Investors deterred by New Orleans' restrictions should evaluate nearby alternatives. Slidell, LA and Mandeville, LA across Lake Pontchartrain offer lighter regulatory environments with proximity to New Orleans demand drivers. Biloxi, MS — approximately 90 minutes east — has a robust coastal STR market with relatively permissive regulations and strong casino-driven demand. Gulf Shores, AL remains one of the most investor-friendly beach STR markets in the entire Gulf region for those willing to extend their search radius.

Investor Tips for New Orleans

  • Verify zoning before any offer: Run the specific parcel through the New Orleans City Planning Commission zoning map before spending a dollar on due diligence. Buying a $350,000 property in a restricted residential zone and losing your STR income plan is the single most common — and most avoidable — investor mistake in this market.
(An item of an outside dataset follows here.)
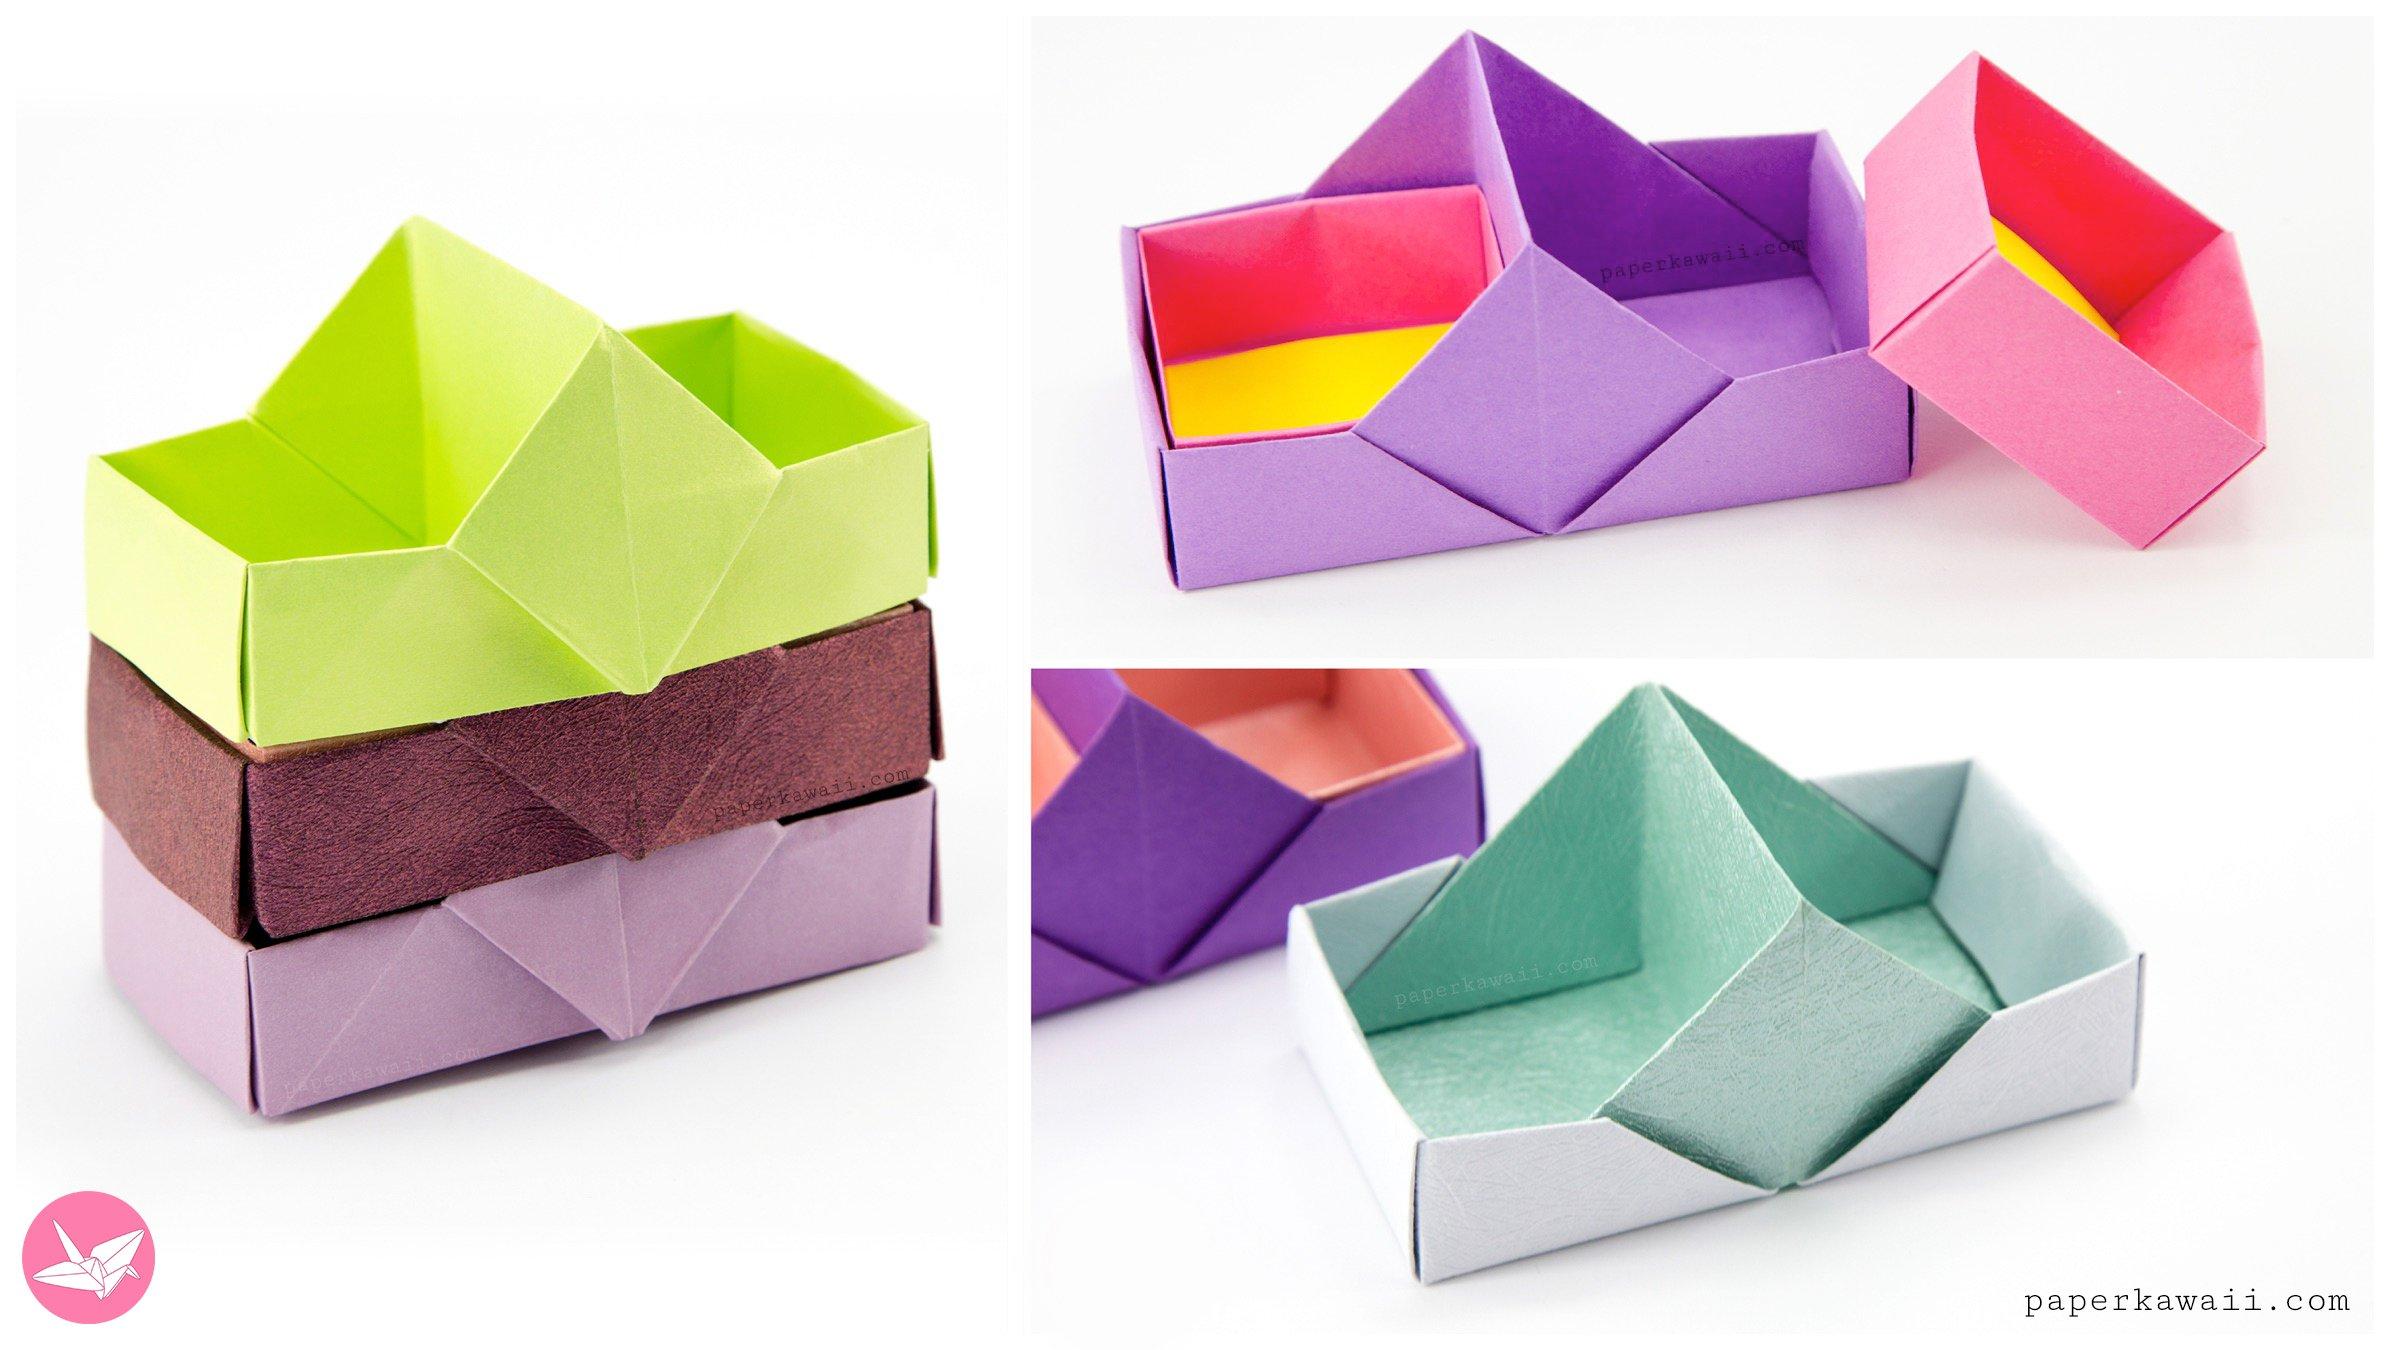 Greenpak Recyclable 4 Kraft Take Out Food Box 85 X 625 35 Origami

  • Budget $500 fully loaded for permit costs: While the Short-Term Rental Permit fee ranges from $50–$500, factor in safety inspection fees, potential re-inspection costs, and compliance upgrades (smoke detectors, fire extinguishers, egress improvements) when underwriting. Total first-year compliance costs can easily reach $1,000–$2,000.
  • Model the full tax stack at ~20%: Between Louisiana state sales tax (4.45%) and New Orleans' combined occupancy levies (~15.75%), your gross revenue tax burden approaches 20%. Underwriting that ignores this will produce wildly inaccurate pro formas on $200k–$500k acquisitions.
  • Focus acquisition searches on Marigny, Bywater, and CBD commercial corridors: These are the zones where non-owner-occupied investor STRs can legally operate. Accept lower gross yields on compliant properties versus the theoretical yields of restricted-zone properties — compliance is what protects a $400,000 asset.
  • Never list without a displayed permit number: Platform audits and neighbor complaints are the two primary enforcement triggers. A $500–$5,000 fine on your first offense, plus the reputational damage of a delisted property, costs far more than the time invested in proper permitting.
  • Hire a local STR-specialized property manager for year one: New Orleans' regulatory environment changes frequently. A local manager with active STR clients will catch ordinance updates, handle annual renewal deadlines, and manage inspection scheduling — protecting your investment for a 20–30% management fee that should be modeled into your acquisition underwriting.
  • Review HOA and condo docs with an attorney before closing: Even commercially zoned properties may carry private deed restrictions or association rules that prohibit STRs. A $500 attorney review of CC&Rs is cheap insurance on a $300,000+ purchase decision.
  • Track the annual permit renewal deadline obsessively: Operating on an expired permit carries the same fine exposure ($500–$5,000) as operating without one. Set automated calendar reminders 90 and 60 days before expiration, and initiate renewal paperwork no later than 60 days out to account for inspection scheduling delays.